Big Data solutions for SQL Server
Big Data is large amount of the data which is difficult or impossible for traditional relational database. Big data, the term has seen increasing use since the past few years. In this field, we review the various ways that big data is described and how Hadoop which is developed as a technology, is commonly used to process big data. In addition, we introduce Microsoft HDInsight, an implementation of Hadoop available as a Windows Azure service. Then we explore Microsoft PolyBase, an on-premises solution that integrates relational data stored in Microsoft SQL Server Parallel Data Warehouse (PDW) with non-relational data stored in a Hadoop Distributed File System (HDFS).
For several decades, many organizations have been analyzing data generated by transactional systems. This data has usually been stored in a relational database management systems. A common step in the development of a business-intelligence solution is weighing the cost of transforming, cleansing, and storing this data in preparation for analysis against the perceived value that insights derived from the analysis of the data could deliver. As a consequence, decisions are made about what data to keep and what data to ignore. Meanwhile, the data available for analysis continues to proliferate from a broad assortment of sources, such as server log files, social media, or instrument data from scientific research. At the same time, the cost to store high volumes of data on commodity hardware has been decreasing, and the processing power necessary for complex analysis of all this data has been increasing. This confluence of events has given rise to new technologies that support the management and analysis of big data.
Describing big data
The point at which data becomes big data is still the subject of much debate among data-management professionals. One approach of describing big data is known as the 3Vs: volume, velocity, and variety. This model, introduced by Gartner analyst Doug Laney in 2001, has been extended with a fourth V, variability. However, disagreement continues, with some people considering the fourth V to be veracity.
Although it seems reasonable to associate volume with big data, how is a large volume different from the very large databases (VLDBs) and extreme workloads that some industries routinely manage? Examples of data sources that fall into this category include airline reservation systems, point of sale terminals, financial trading, and cellular-phone networks. As machine-generated data outpaces human-generated data, the volume of data available for analysis is proliferating rapidly. Many techniques, as well as software and hardware solutions such as PDW, exist to address high volumes of data. Therefore, many people argue that some other characteristic must distinguish big data from other classes of data that are routinely managed.

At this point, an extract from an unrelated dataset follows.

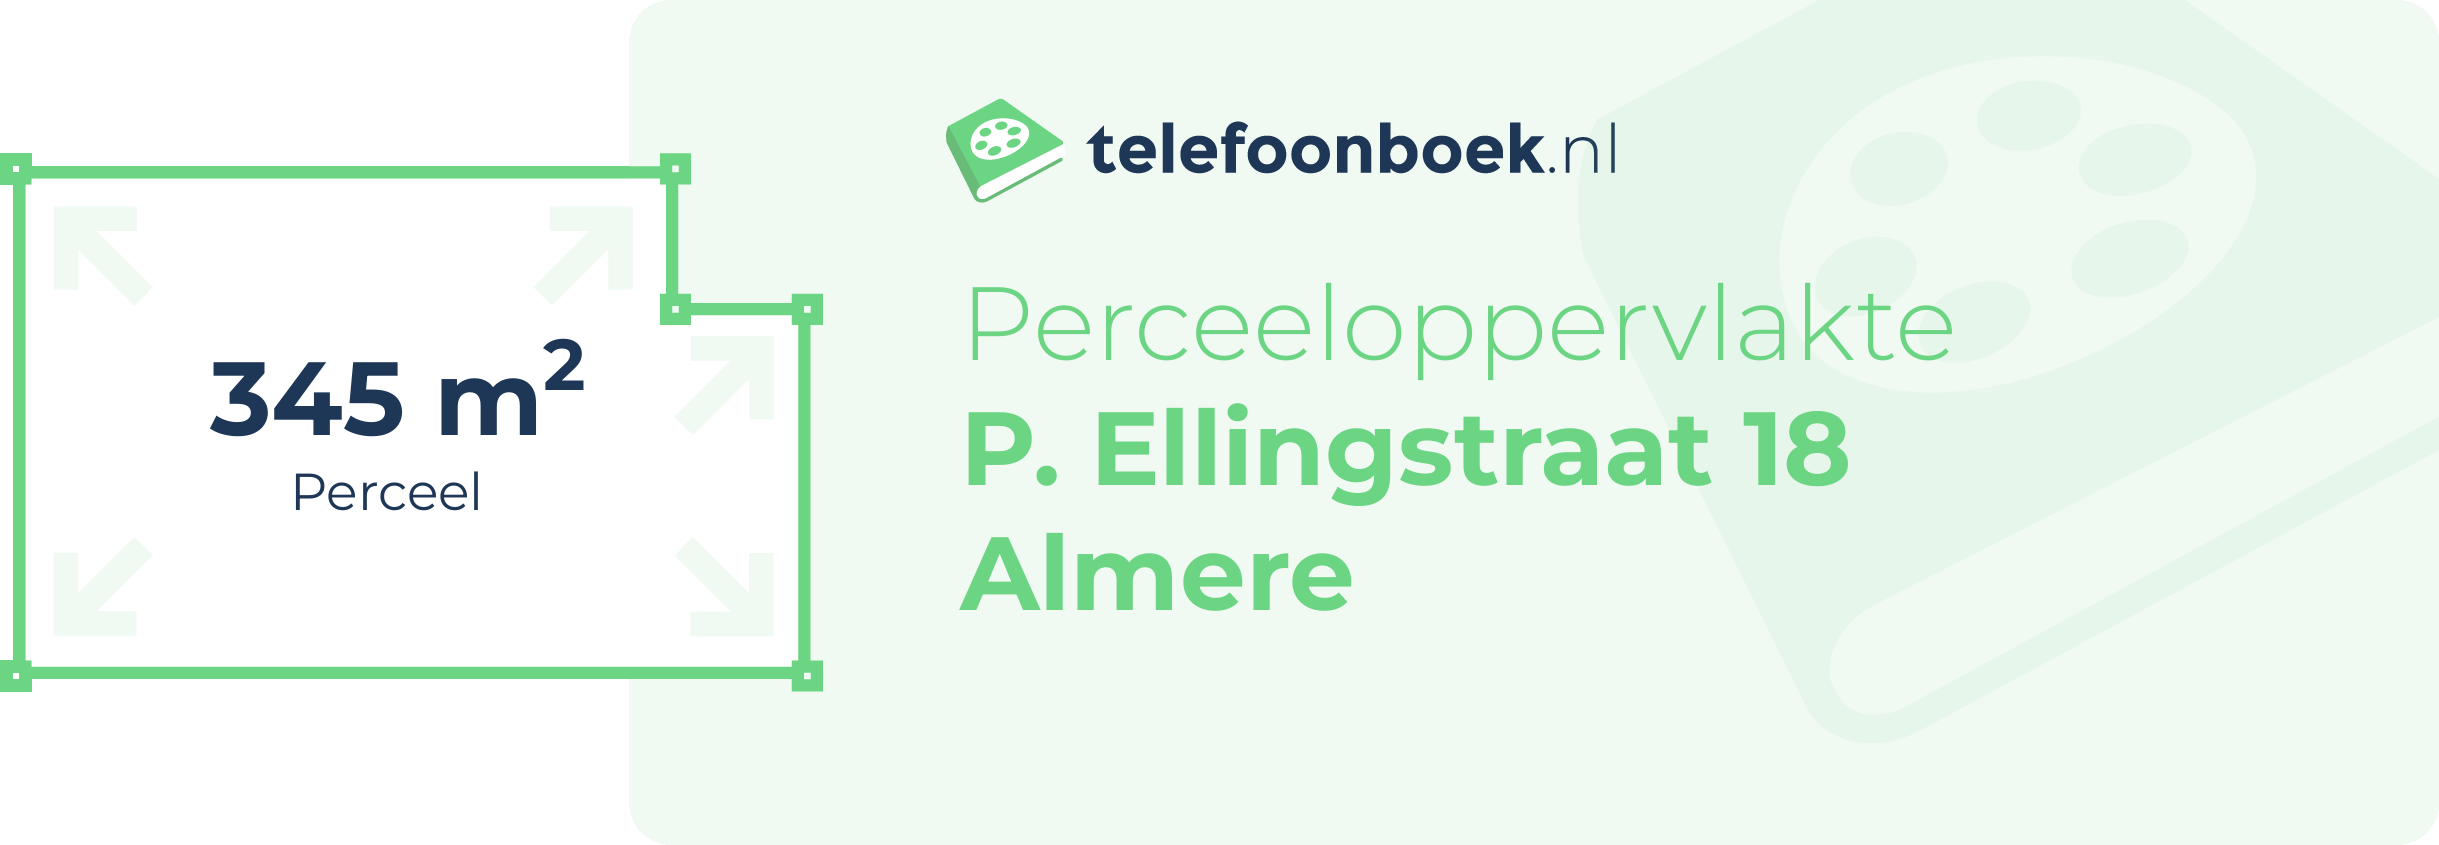 Perceeloppervlakte P. Ellingstraat 18 Almere

Some people suggest that this additional characteristic is velocity or the speed at which the data is generated. As an example, consider the data generated by the Large Hadron Collider experiments, which is produced at a rate of 1 gigabyte (GB) per second. This data must be subsequently processed and filtered to provide 30 petabytes (PB) of data to physicists around the world. Most organizations are not generating data at this volume or pace, but data sources such as manufacturing sensors, scientific instruments, and web-application servers are nonetheless generating data so fast that complex event-processing applications are required to handle high-volume and high-speed throughputs. Microsoft StreamInsight is a platform that supports this type of data management and analysis.
Data does not necessarily require volume and velocity to be categorized as big. Instead, a high volume of data with a lot of variety can constitute big data. Variety refers to the different ways that data might be stored: structured, semistructured, or unstructured. On the one hand, data-warehousing techniques exist to integrate structured data (often in relational form) with semistructured data (such as XML documents). On the other hand, unstructured data is more challenging, if not impossible, to analyze by using traditional methods. This type of data includes documents in PDF or Word format, images, and audio or video files, to name a few examples. Not only the unstructured data problematic for analytical solutions, but it is also growing more quickly than file systems on a single server that it can usually accommodate.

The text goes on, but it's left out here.